Detection
ABSTRACT
Brain tumors are among the most frequent and severe types of cancer, with a life expectancy
of only a few months in the most advanced stages. Various image modalities, including CT
Scans, MRI and ultrasound images, are commonly used to assess tumors in the various
organs of the body. However, such huge amounts of data presented by these image scanning
techniques poses a difficulty in analyzing them manually and requires a lot of human effort.

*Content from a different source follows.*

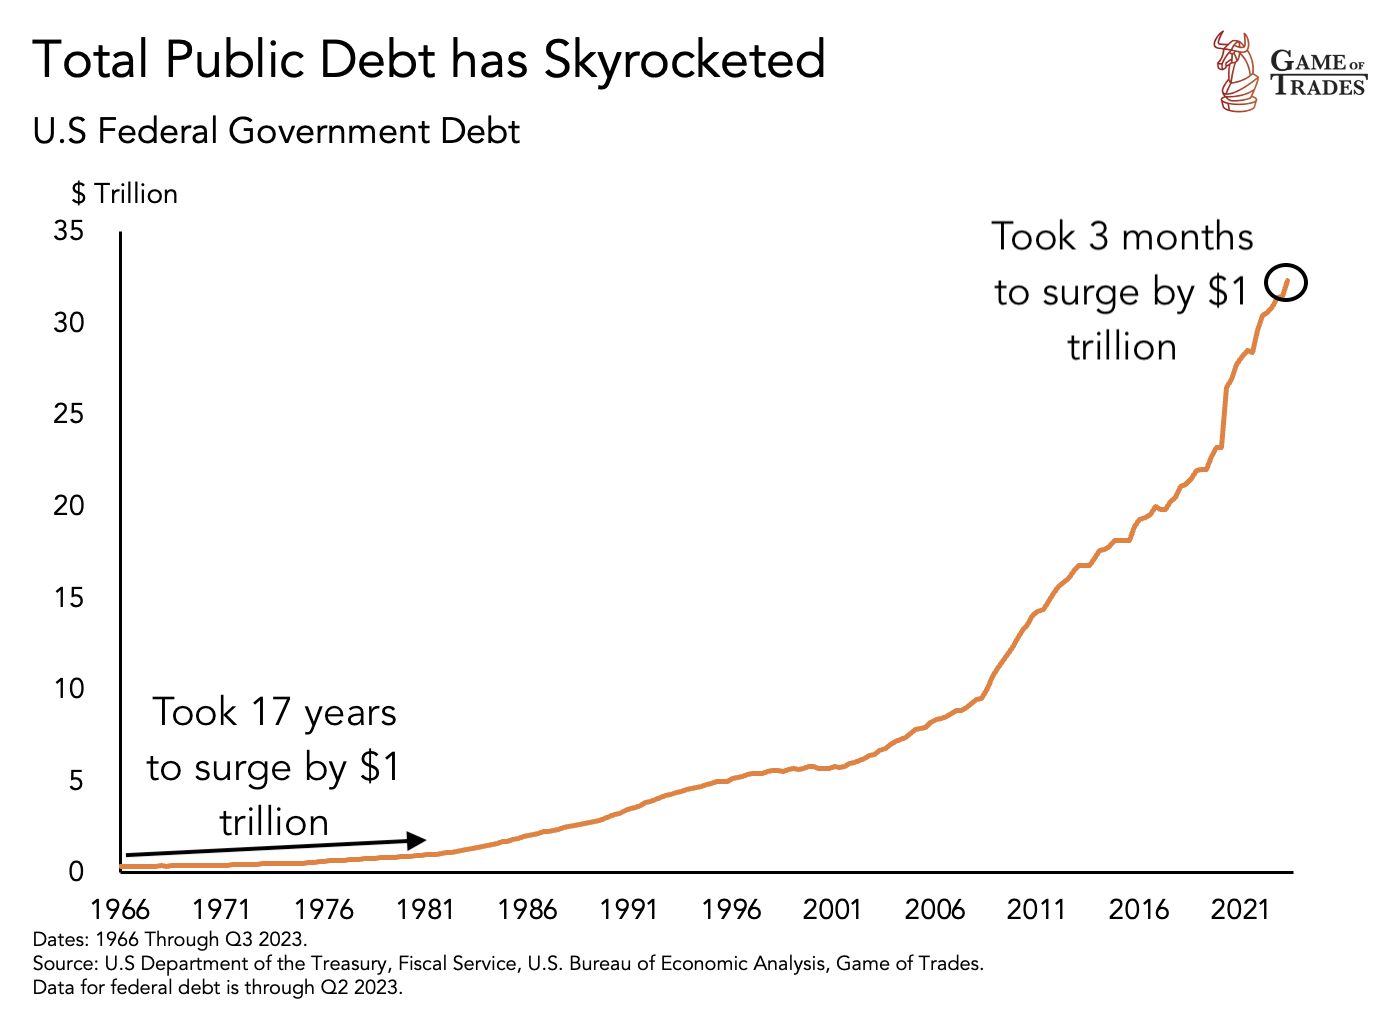 US federal government debt

Convolutional neural networks (CNNs) have been shown to outperform standard methods
when it comes to classifying brain tumor In this model, we provide a completely automated
computerized system for brain tumor categorization that employs optimal deep features
from a variety of well-known CNNs and abstraction levels. We use Transfer Learning from
ImageNet for optimized feature training. VGG-16 is architecture is used with modification to
its number of filters. The architecture is further Improved by adding a dropout layers are also
used to avoid overfitting. When tested on photos from the Kaggle Dataset, the suggested
technique gets excellent classification results.
KEY WORDS
VGG-16, Brain Tumor, Convolutional Neural Network (CNN).
INTRODUCTION
Background
A brain tumour which is a life-threatening malignancy is caused by uncontrolled and
abnormal cell partitioning. Deep learning improvements in the medical imaging area have
assisted in the identification of a number of diseases. For visual learning and image
identification, the CNN architecture is the most popular and extensively used machine
learning approach. In this report, we use a convolutional neural network (CNN) technique [1]
combined with Data Augmentation and Image Processing to analyses MRI images to
determine which images have and which do not have brain tumors.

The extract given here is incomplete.